Relationships are built. They take a lot of work and dedication. Something that can’t happen if you are busy being distracted enough to be looking for more happiness. They are by far not easy, and once the hormones have dulled down, you have to have someone who you find compatible, and feel enough of an empathetic bond with to continue a sustained relationship. Otherwise the best that you will do is move partner to partner seeking the rush of chemicals to the brain which can be highly addicting.

Telling someone you want them to be happy sends the message that they might not be, or could do better. It is the wrong message to send, when you are trying to show your value and worth to another person. In the initial stages of love and romance we are all like peacocks strutting around showing our best side, making everything look its best to attract the mate. That exists for a reason. we all want to look good to our potential partner. The reality is we all come loaded with flaws, and if someone is going to invest time with you, and emotion it is great for them to see that initially. What they can or can’t accept will be the determining factor. Not everyone who sees you will accept you for whom you are, but there are those who definitely will. Those are the ones who don’t need to be pushed away, told they can do better, or expressed to that you just want them to be happy.

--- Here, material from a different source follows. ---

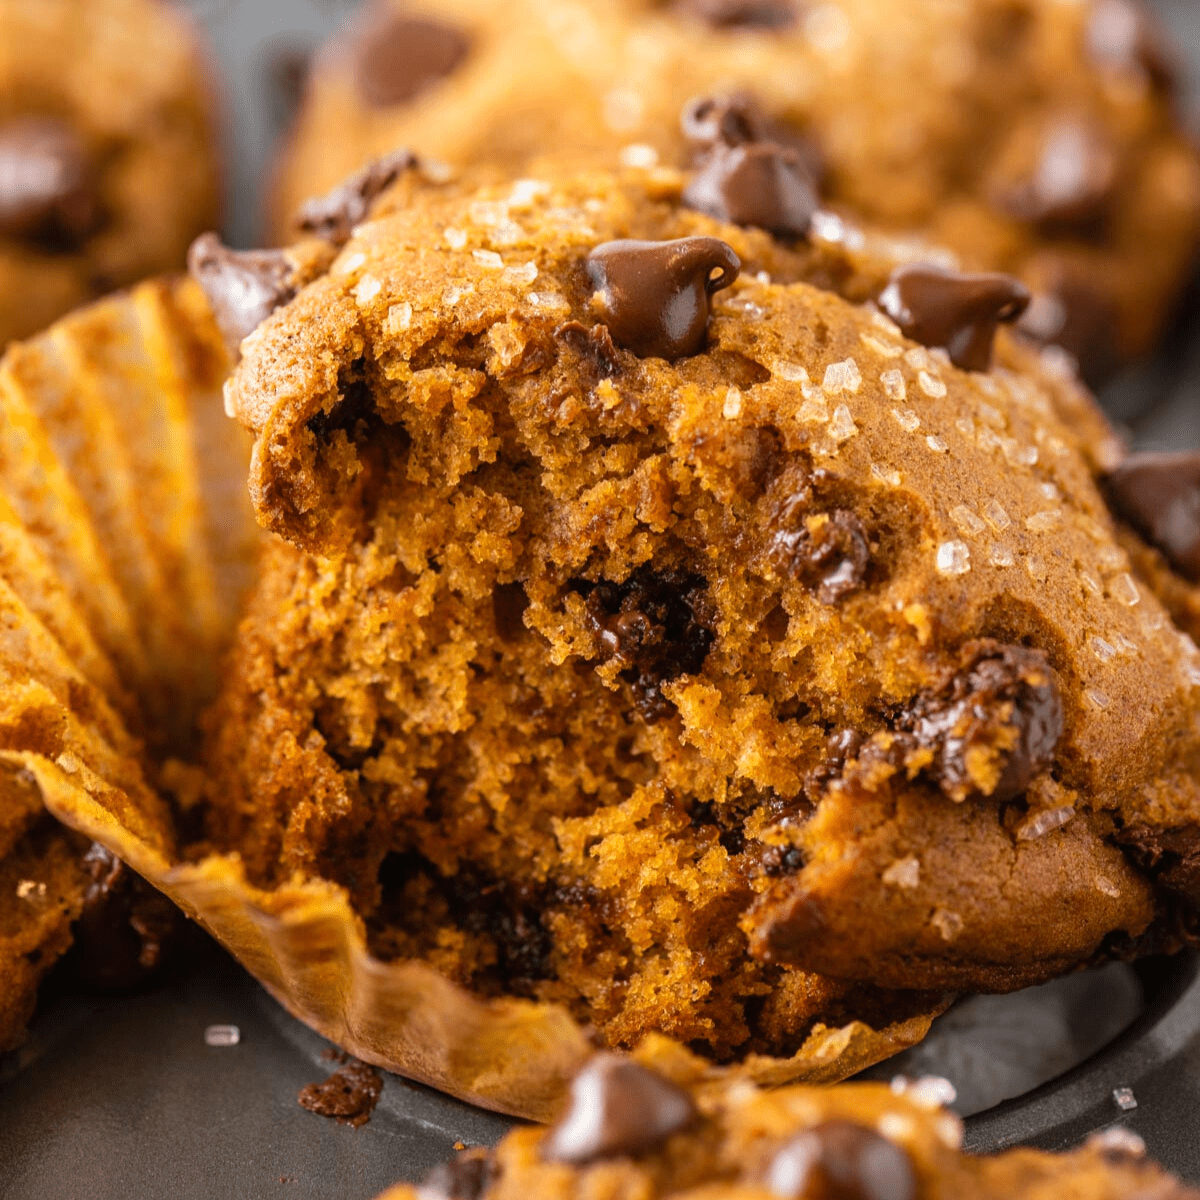 A pumpkin chocolate chip muffin with a bite taken sits in its loosened liner.

The happiness comes from having a bond with a person you enjoy, and are wiling to let enjoy you.It comes from not guarding your flaws and feeling like those outweigh your good qualities, and any person who cares can see your worth above the flaws. So instead of telling people you just want them to be happy, just let them be happy. We all decide those things for ourselves. On one else can determine what will make us happy, not friends, not parents, not anyone but us. So on this one, do yourself a favor, and don’t express how your potential mate can be happier, or might be happier elsewhere. Let them be as happy with you as they choose to be, until they no longer choose to be.